Dans un article récent, le CSIS (Center for Strategic and International Studies) intitulé « Europe Needs an ASAP Program for Air Defense » et publié en mars 2026, Max Bergmann, Otto Svendsen et Jonathan Burchell étudient les enjeux de la défense anti-aérienne européenne.
L’article part d’un constat alarmant : la vulnérabilité critique des stocks occidentaux de défense aérienne, exacerbée par les conflits simultanés en Ukraine et, plus récemment, au Moyen-Orient (conflit américano-iranien). Cette double pression a révélé une fragilité structurelle dans l’approvisionnement en intercepteurs. Le CSIS souligne que l’Europe ne peut plus compter exclusivement sur les États-Unis pour ses besoins en défense aérienne, car Washington doit désormais prioriser ses propres stocks et ses engagements sur d’autres théâtres d’opérations. Cette pénurie potentielle d’intercepteurs de fabrication américaine met en péril non seulement le soutien à l’Ukraine, mais aussi le réarmement de l’Europe face à la menace russe.

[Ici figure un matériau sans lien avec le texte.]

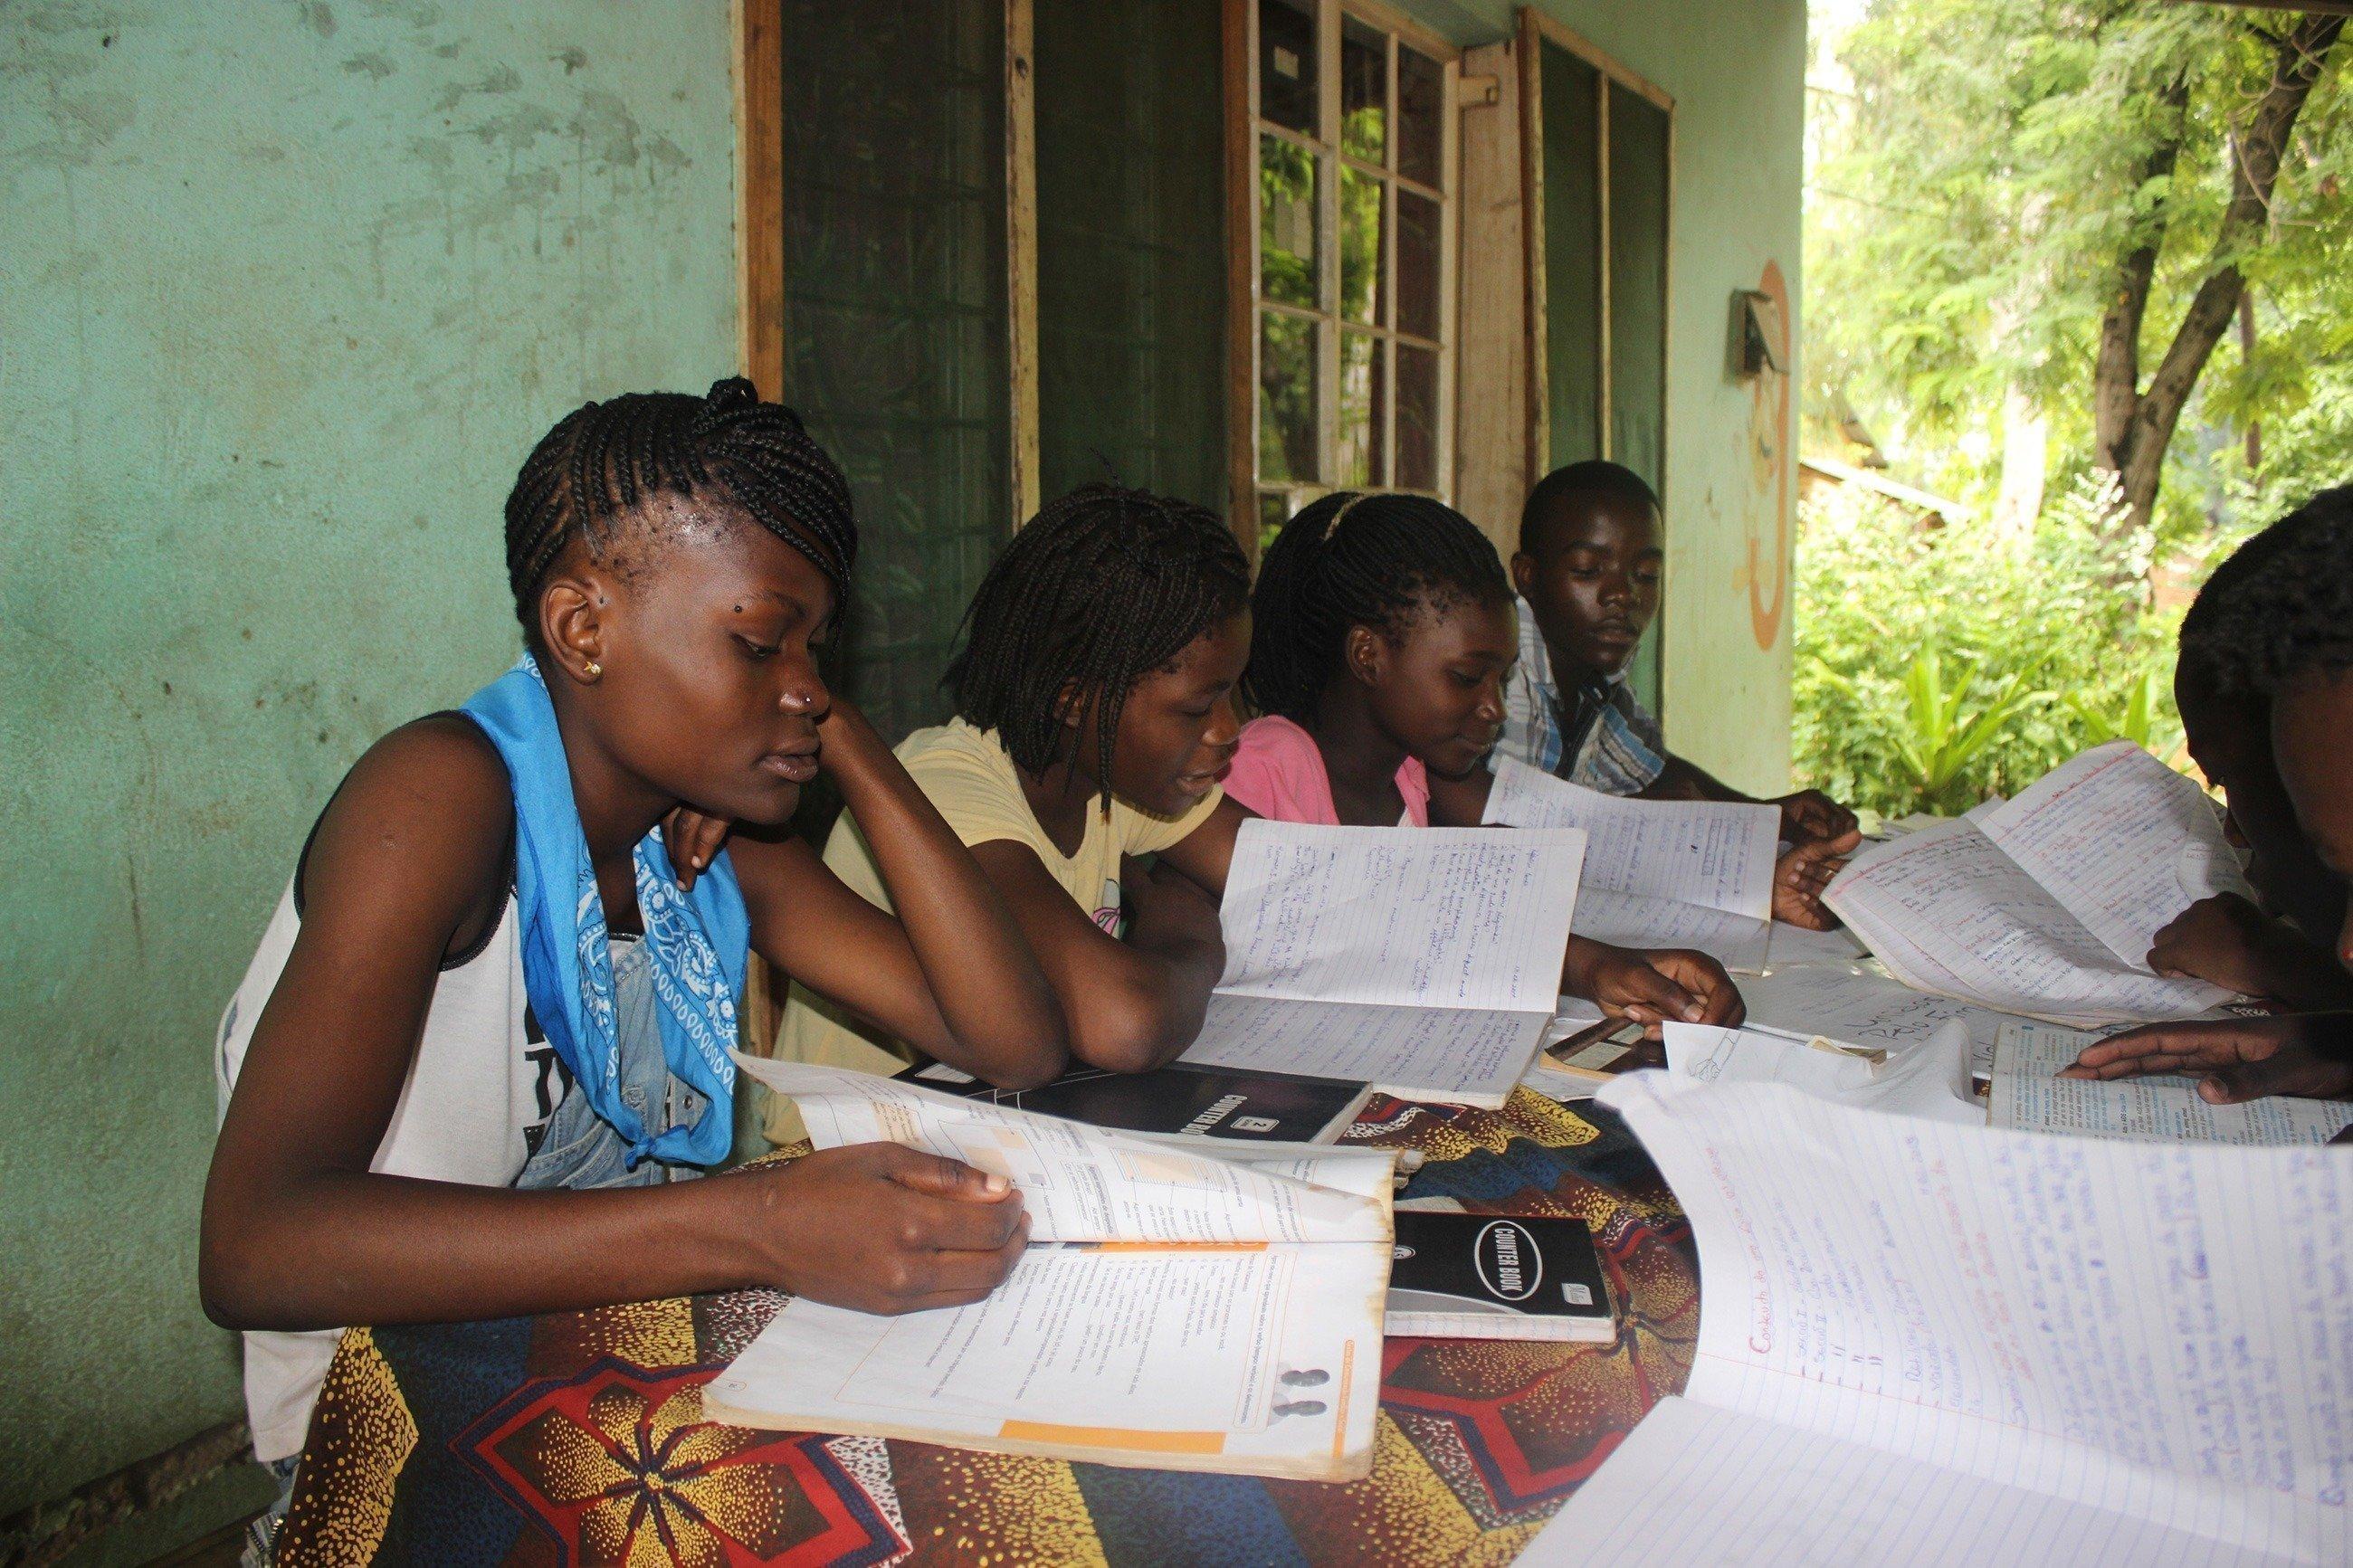 Schülerinnen beim Lernen.
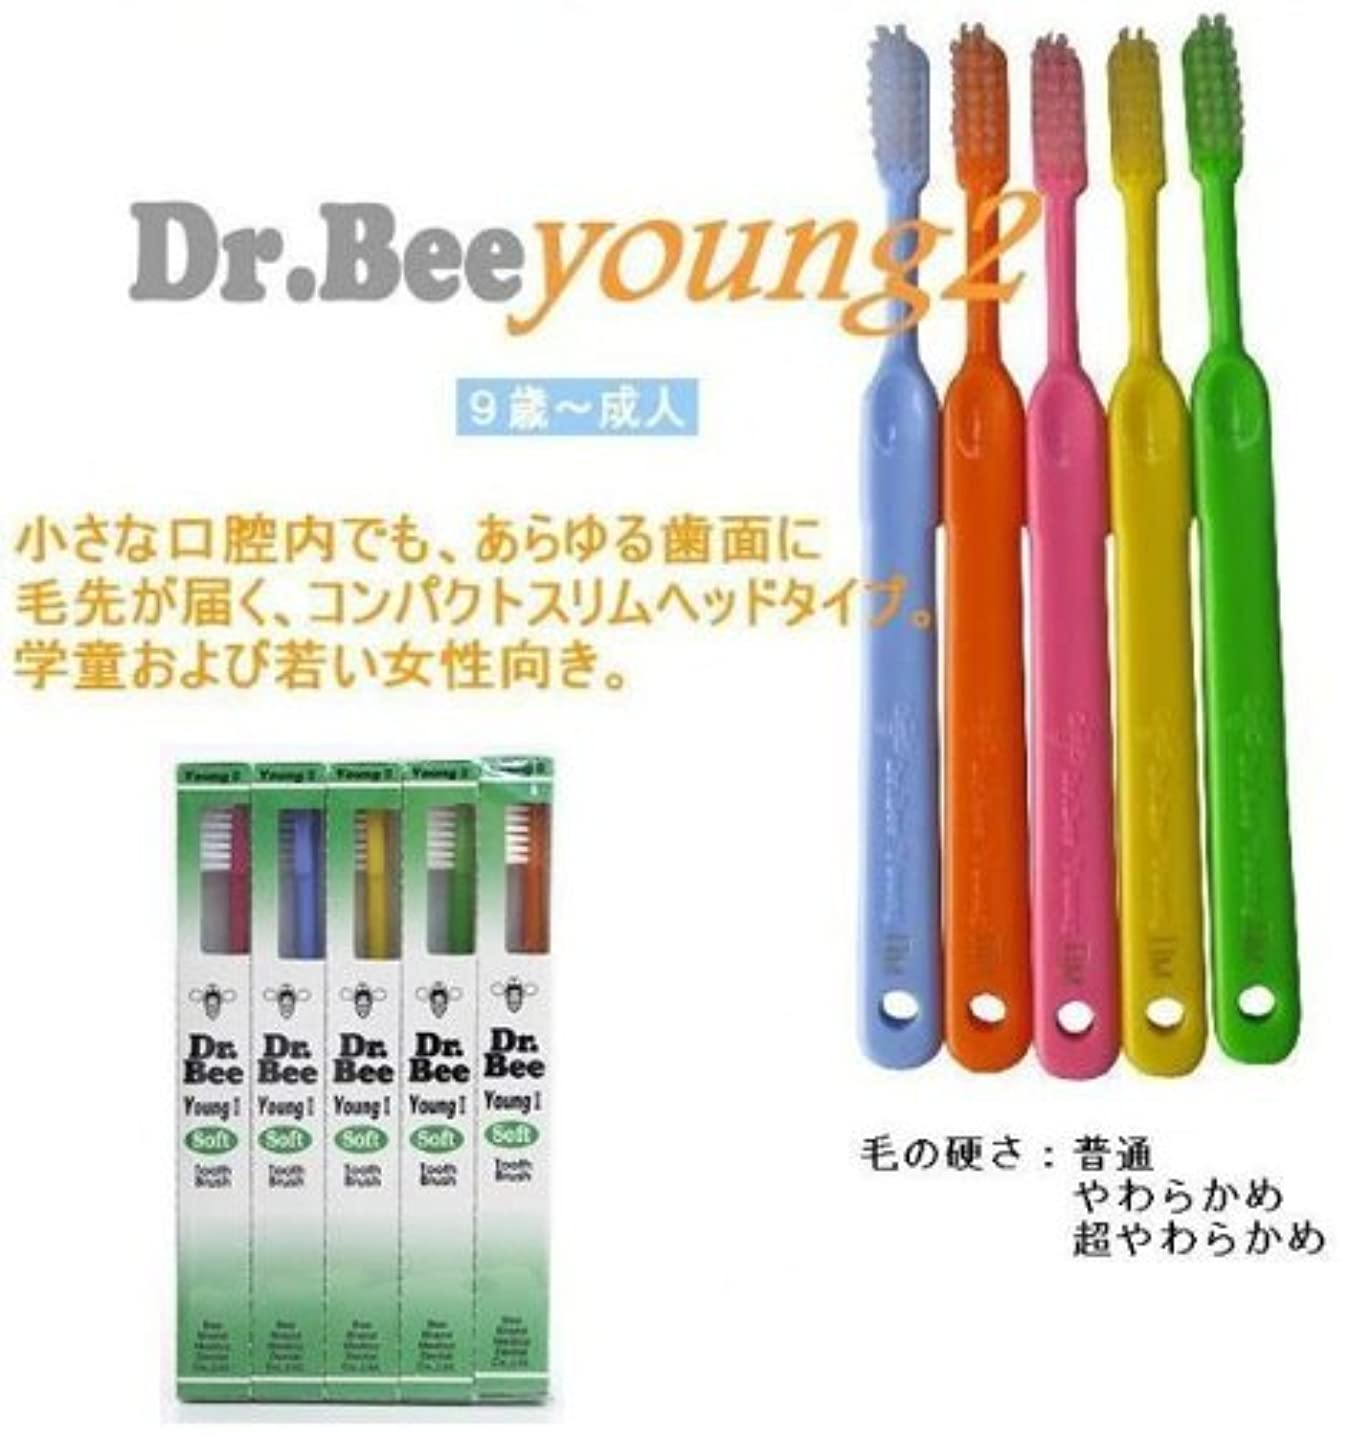 振るうセーブ長老BeeBrand Dr.BEE 歯ブラシ ヤングII ミディアム

Pour répondre à cette crise, les auteurs préconisent le lancement urgent d’un programme industriel de « choc », baptisé « ASAP pour la défense aérienne » (ASAP for Air Defense). Ce modèle s’inspire directement de l’Action de soutien à la production de munitions (Act in Support of Ammunition Production – ASAP) lancée par l’Union européenne en 2023 pour les obus d’artillerie. L’objectif est de canaliser massivement les fonds de l’UE pour augmenter les capacités de production des systèmes de défense antiaérienne et antimissile de fabrication européenne. Cela permettrait de passer d’une gestion de crise à une stratégie de production industrielle de défense souveraine et pérenne.
Le rapport identifie des systèmes européens spécifiques qui doivent être au cœur de cet effort, tels que le SAMP/T (franco-italien), l’IRIS-T (allemand) et le NASAMS (co-développé par la Norvège). L’idée est de réduire la dépendance technologique vis-à-vis des fournisseurs américains pour les systèmes de moyenne portée et de défense contre les missiles de croisière. En standardisant la demande et en offrant des garanties d’achat à long terme aux industriels via le budget de l’UE, l’Europe pourrait enfin atteindre une économie d’échelle nécessaire pour concurrencer les capacités de production russes, qui ont été massivement réorientées vers l’effort de guerre.
Un autre point crucial est l’inefficacité économique actuelle de la défense aérienne. L’utilisation d’intercepteurs coûtant plusieurs millions de dollars (comme les missiles Patriot) pour abattre des drones russes ou iraniens low-cost est jugée insoutenable à long terme. Cette « asymétrie des coûts » épuise les stocks de missiles sophistiqués indispensables contre les menaces haut de gamme (missiles balistiques et de croisière avancés). Le programme ASAP proposé viserait donc non seulement à produire plus, mais aussi à diversifier les solutions pour inclure des systèmes plus rentables face aux essaims de drones.
Enfin, le défi de l’Europe n’est pas tant un manque de technologie — les systèmes européens sont parmi les plus performants au monde voire meilleurs que leurs équivalents étatsuniens— mais un manque de passage à l’échelle industrielle. La fragmentation nationale des marchés de défense et la lenteur des processus décisionnels européens sont les principaux obstacles. En adoptant un programme de type ASAP pour la défense aérienne, l’UE enverrait un signal fort à Moscou sur la durabilité et la permanence du soutien à l’Ukraine et sur la crédibilité de sa propre architecture de sécurité, tout en se préparant à un avenir où le parapluie protecteur américain pourrait être moins disponible.